Yves Veyrier : « Le Tour passe, les revendications continuent ! »

Éditoriaux de FO par Yves Veyrier

à partir du 1er juillet, le Tour de France 2022 s’élancera non pas sur les routes de l’Hexagone, mais à Copenhague, la capitale du Danemark, où les voies cyclables sont parmi les plus empruntées au monde. Après avoir quitté la Petite Sirène, le peloton retrouvera un parcours plus habituel, très montagneux, traversant les différents massifs : Vosges, Jura, Alpes, Massif central et Pyrénées, avant l’arrivée sur les Champs-Elysées le 24 juillet.
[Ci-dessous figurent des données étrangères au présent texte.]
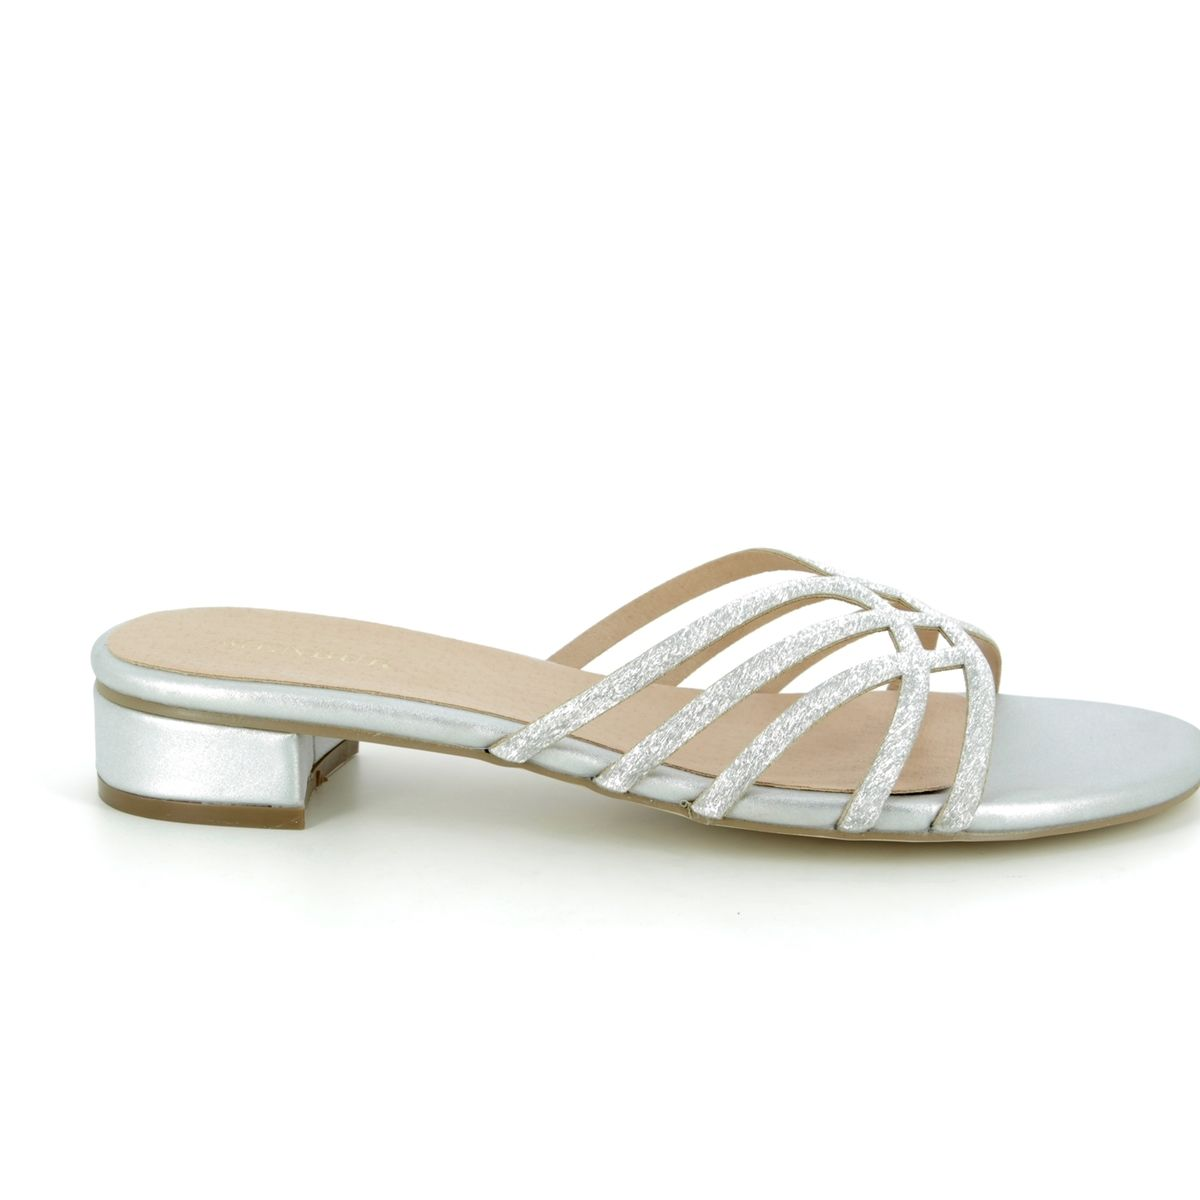 d6d4eeb70a6 Menbur Slide Sandals - Silver - 20295 09 VERNA

à la différence des éditions 2020 et 2021, le Tour devrait être libéré des contraintes sanitaires qui avaient pesé sur le déroulement de la course.

Le Tour de France, y compris dans ces conditions particulières, reste un événement sportif et populaire très attendu. Il demeure pour FO un moment d’échange avec les salariés, leurs familles et amis autour de cette fête sportive. Suivre la course, se retrouver à cette occasion, mais aussi s’intéresser à sa situation de salarié, à ses droits, à ce que peut apporter et apporte le syndicat, c’est concilier à la fois le collectif et l’individuel que l’on soit jeune, moins jeune, actif, salarié ou en recherche d’emploi, retraité, salarié d’une TPE (Très petite entreprise), travailleur de plateforme, salarié d’un particulier dans le service à la personne (assistante maternelle, aide à domicile), d’une moyenne ou plus grande entreprise, fonctionnaire ou agent de service public.

Libres, indépendants, mais aussi solidaires et déterminés sont les valeurs du syndicat FO.
Comme les années passées, et ce sera aussi le cas pour l’année à venir, les revendications continuent, dans le contexte de la guerre en Ukraine et de ses répercussions, il y a urgence à apporter des réponses à la question du pouvoir d’achat. Beaucoup ont du mal à boucler les fins de mois face à l’augmentation des prix de l’énergie, à celle des prix des carburants, des produits de première nécessité, de l’alimentation. Pour FO, la réponse au pouvoir d’achat ne réside pas dans les pansements de type prime d’activité, prime de pouvoir d’achat ou indemnité inflation. C’est toujours bon à prendre, mais la réponse pour Force Ouvrière, c’est le salaire, la rémunération de l’activité qui doit permettre de vivre dignement de son travail. L’augmentation des salaires est plus que jamais la priorité, parce que c’est aussi redistribuer les richesses de manière plus juste, au profit de ceux qui les produisent, les travailleurs. Et c’est aussi participer au financement de la Sécurité sociale.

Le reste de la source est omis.